Understanding Cerebral Blood Flow Dynamics for Alzheimer's Disease Prevention Through Exercise: the flADex Study

Dementia is one of the leading causes of disability worldwide. Underlying biological mechanisms are crucial in preclinical stages of Alzheimer's disease (AD). Alterations in cerebral blood flow (CBF) and their relationship with AD blood-based biomarkers may be fundamental at early stages of the pathology. Physical exercise is a trigger to modify these biological mechanisms. Therefore, flADex aims to examine the acute effects of different types of exercise (resistance vs. aerobic vs. control) on CBF, AD blood-based biomarkers, and its cognitive implications in older adults. The hypothesis is that acute resistance or aerobic exercise will fluctuate levels of blood-based biomarkers, and will exert acute CBF changes combined with cognitive implications.

Study Overview

• Status: Completed
• Conditions: Healthy Aging; Blood Flow; Cognitive Function 1, Social; Cerebrovascular Circulation
• Intervention / Treatment: Behavioral: Aerobic exercise condition; Behavioral: Resistance exercise condition

Detailed Description

The aging population is at an increasing risk of developing Alzheimer's Disease (AD), which is characterized by cognitive decline and memory loss. Current pharmacological treatments have targeted amyloid-beta (Aβ) and tau protein, and have largely failed to halt or reverse the progression of AD. This has led to a growing interest on examining additional underlying mechanisms responsible for the initiation of AD pathology in this preclinical stage, such as cerebral blood flow (CBF) alterations or peripheral levels of AD blood-based biomarkers. Parallelly, exercise might act as a trigger for these potential underlying mechanisms of AD in older adults. Thus, this study seeks to explore the acute effects of different type of exercise on CBF, blood-based biomarkers, and its cognitive implications in older adults.
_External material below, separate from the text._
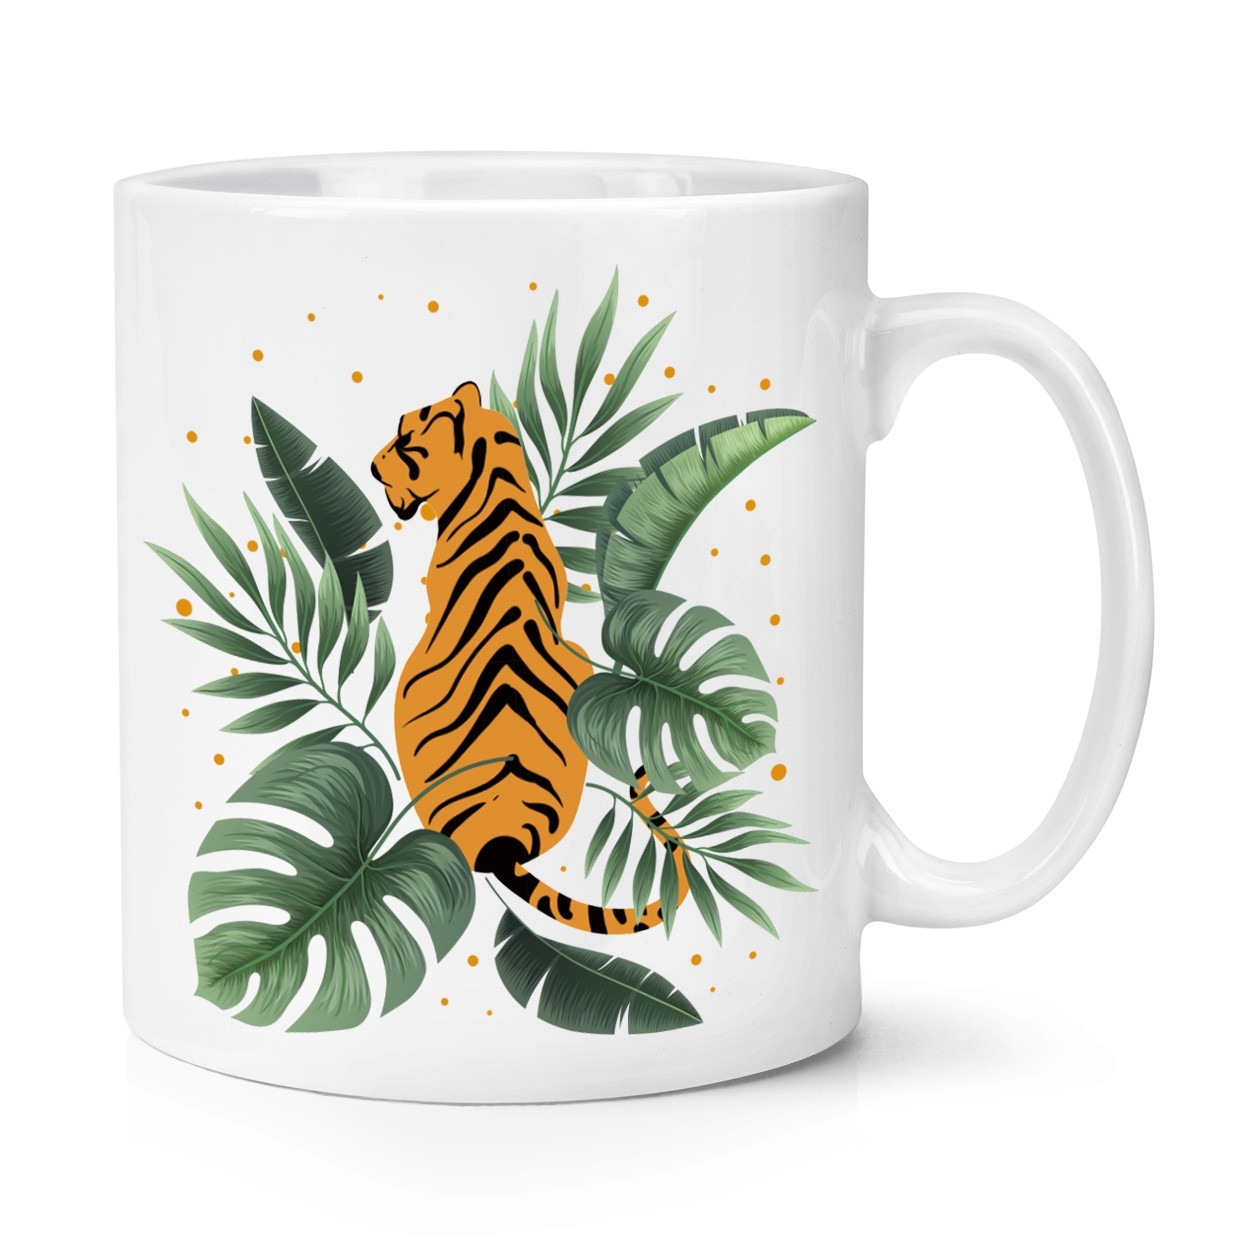 Tiger Jungle Tropical Theme Mug 10oz Mug Cup

FlADex is a counterbalanced crossover trial that will include 20 adults aged 68 to 83 with non-pathological brain amyloid status (<12 centiloid) and APOE e4 noncarriers. Each participant will be included in all study conditions in a randomized order: (i) moderate aerobic exercise (between 60-70 of the Maximal Heart Rate (HRmax); (ii); resistance exercise (4-6 Moderate intensity of Rate of Perceived Exertion) and (iii) control resting condition. Each condition, lasting 30 minutes, will be performed once. CBF will be assessed by magnetic resonance imaging using pseudo-continuous arterial spin labeling at pre-condition and at 3 consecutive times post-condition (at 20', 27' and 34' min). Blood-based biomarkers (Aβ42, Aβ40, p-tau217, p-tau181, GFAP, NfL, BDNF, IGF-1) will be measured pre-condition and post-condition (at 0', 50', 70' min). Cognitive outcomes (Flanker Test and Picture Sequence Memory Test) and mood status (feeling scale and POMS questionnaire) will be measured pre and post condition.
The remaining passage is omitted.